Some of these names might only be familiar if you’ve studied popular culture of the period – does anybody read Warwick Deeping now? – but others have lingered. It’s a mix of the middle-class and the lower-middle-class, all with pretensions above their stations. Those who read Galsworthy thought themselves intellectuals; those who read Ethel M. Dell probably thought themselves above those who read westerns. All of it makes bitter Comstock feel angry and repelled – and bitterness is the keynote of his personality.
He lives in poverty – or, at least, poverty for someone of his education and intelligence. The only people he sees are a rich friend called Ravenstock, who tries to help get his poetry published and offers (and is refused) to lend him money, his girlfriend Rosemary, and an aunt Julia who is ever poorer than him, but from whom he still borrows money. It fits his code of pride that he cannot borrow from a rich friend, but will from a poor relative.
Pride is the other keynote, alongside bitterness. His stubbornness is infuriating. He won’t let Rosemary pay for dinner when they go out, because the man must pay for the woman – even if it means he can’t pay his rent or can’t afford to eat for the rest of the week. Rosemary puts up with an awful lot, and sticks with him despite all his moroseness.
Iterated through the novel, either in Gordon’s dialogue or in his internal dialogue, is that everything comes down to money. He can’t marry Rosemary because he doesn’t have money. She won’t sleep with him – so Gordon argues – because he doesn’t have money. He can’t work as a poet because he doesn’t have money. And he doesn’t have money because he left a relatively well-paying job in advertising in order to get out of the capitalist machine.
What’s so impressive about Keep the Aspidistra Flying is that Orwell has a mouthpiece for a point of view with which he evidently has substantial sympathy – and bravely chooses to make that mouthpiece objectionable. As well as bitter and proud, Gordon is stubborn, selfish, and often unkind to the long-suffering Rosemary. But there is also enough good in him to make the reader (this reader, at least) not hate him. He loves the beautiful and noble. He partly cares so much what people think of him because of his own low self-esteem, and his recognition that others have achieved much more. On the whole, he falls down on the side of being unpleasant. But it is so well-judged a portrait that he does not become a villain – rather, he is a friend that we are frustrated by and beginning to be sick of, even if we agree with him in essentials.

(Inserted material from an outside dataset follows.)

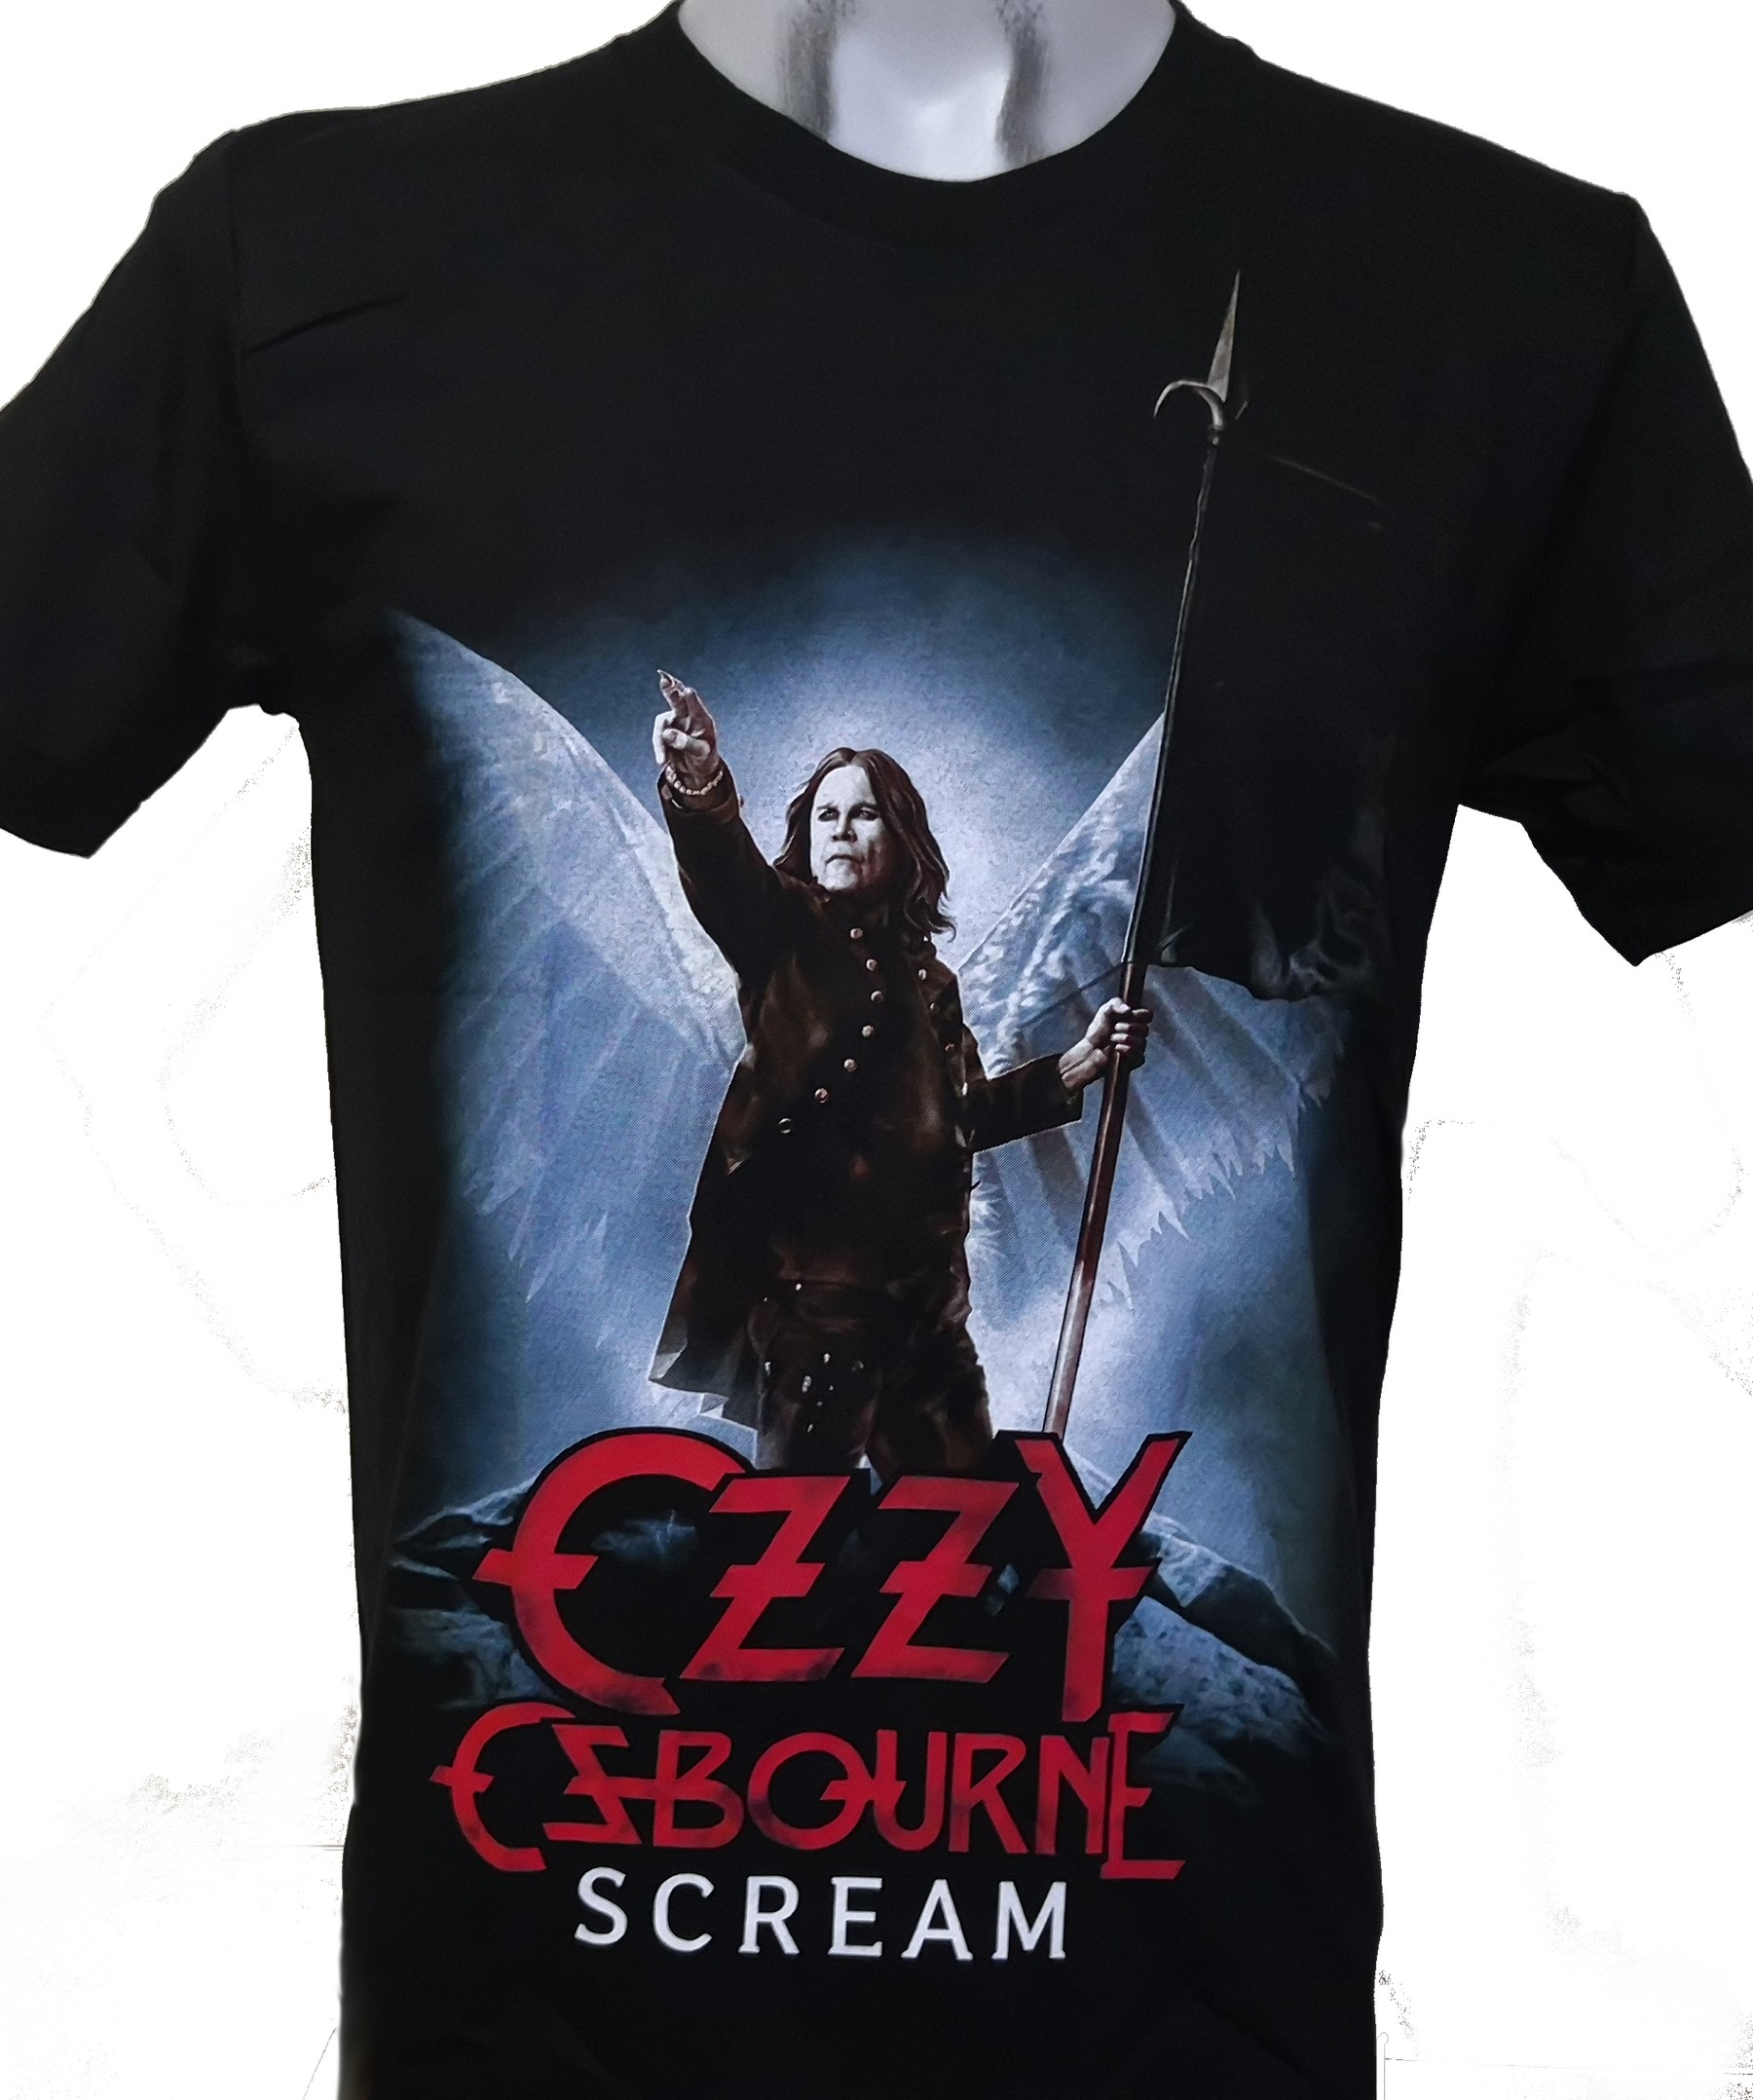 On Sale XXL XXXL Ozzy Osbourne Scream T-Shirt Size S M 2XL 3XL New

Orwell apparently thought little of the novel, and didn’t want it reprinted. I don’t agree with him. It doesn’t have the sophistication of Nineteen Eighty-Four but it does have the same brilliant prose. He is the best writer I’ve read for writing that is entirely unshowy and is yet superlatively good. The plot is simple but perfectly judged, and I’m all the keener to read those other Orwells I’ve got on the shelves. In some ways, it’s a shame that his dystopian novels are the only ones that are widely remembered, because he so strikingly observed the real world too.